# [Stored data]

►

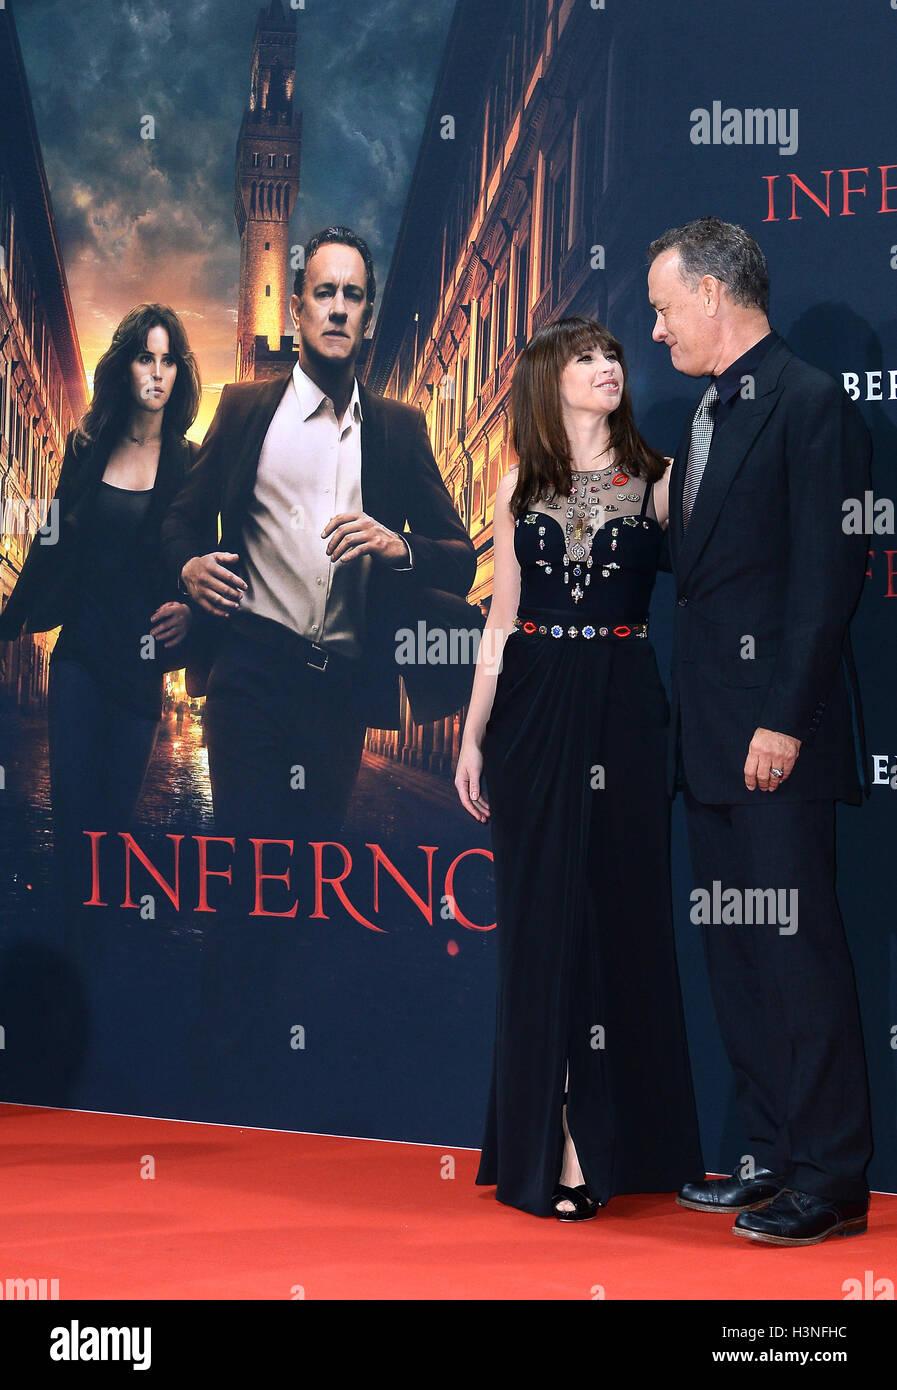 Berlino, Germania. 10 ottobre, 2016. L'attrice britannica Felicity Jones (L) e l'attore americano Tom Hanks Immagini Stock
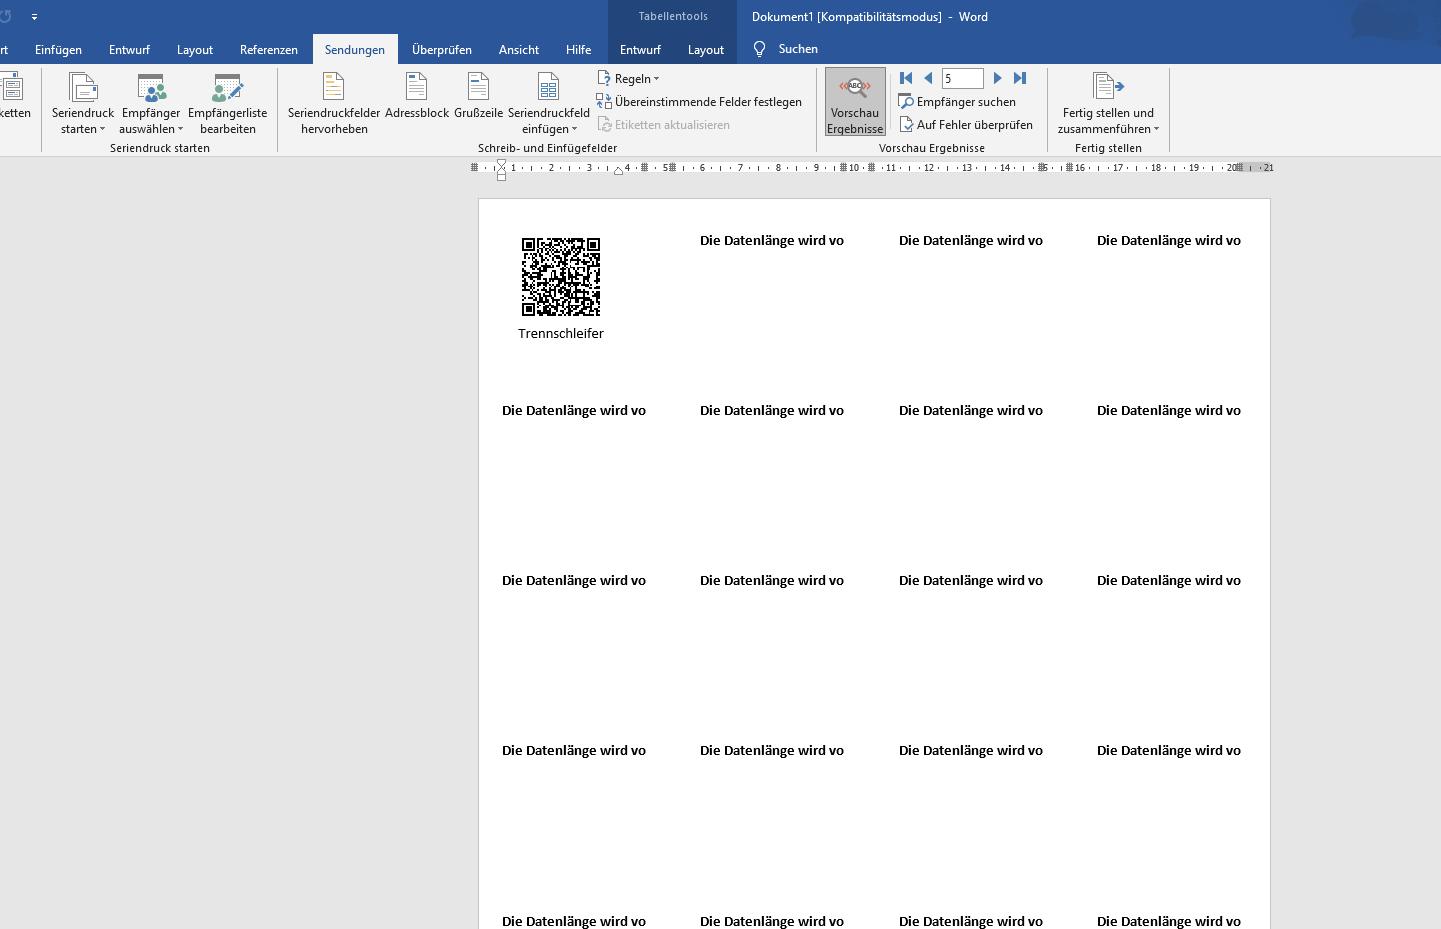 qmBase QR-Code erstellen mit Excel und Word Serienbrief, Instandhaltung, Digitalisierung, Smart Maintenance, Maintenance Management
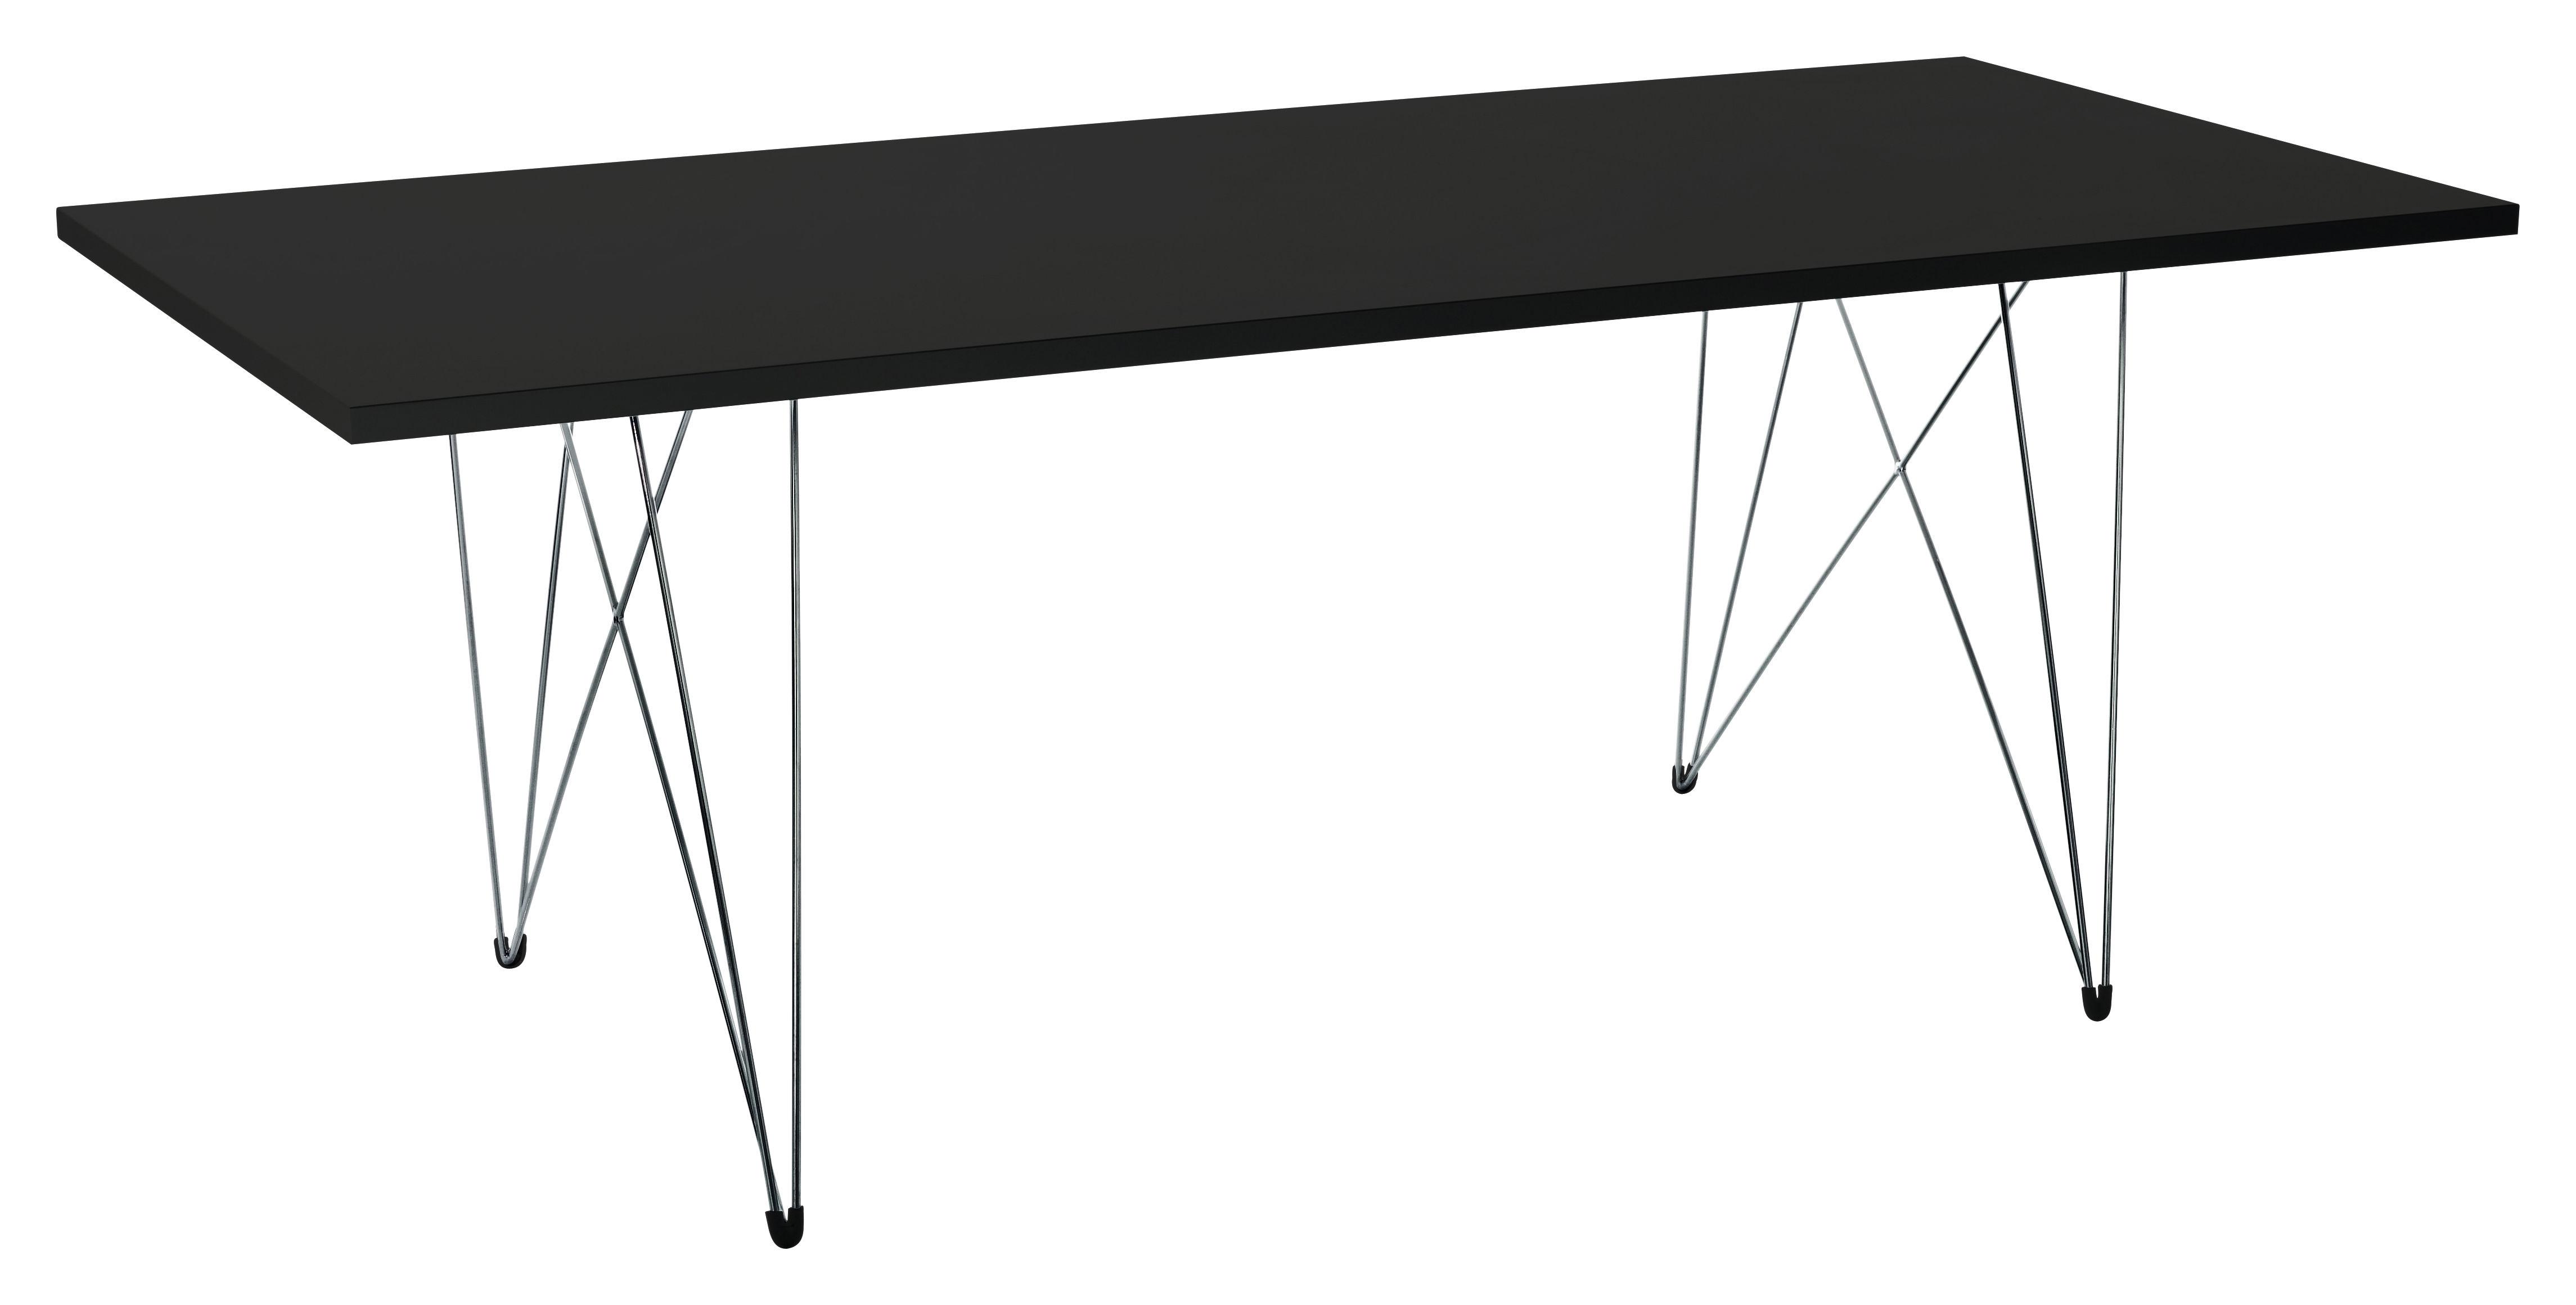 Dossiers - Style industriel - Table XZ3 / 200 x 90 cm - Magis - Noir / Pied noir - Acier, MDF finition polymère

◄

# [Your goal]
The listing above, line by line: print it exactly, but not its pictures.

# [Finished exercise]
 Berlino, Germania. 10 ottobre, 2016. L'attrice britannica Felicity Jones (L) e l'attore americano Tom Hanks Immagini Stock
 qmBase QR-Code erstellen mit Excel und Word Serienbrief, Instandhaltung, Digitalisierung, Smart Maintenance, Maintenance Management
 Dossiers - Style industriel - Table XZ3 / 200 x 90 cm - Magis - Noir / Pied noir - Acier, MDF finition polymère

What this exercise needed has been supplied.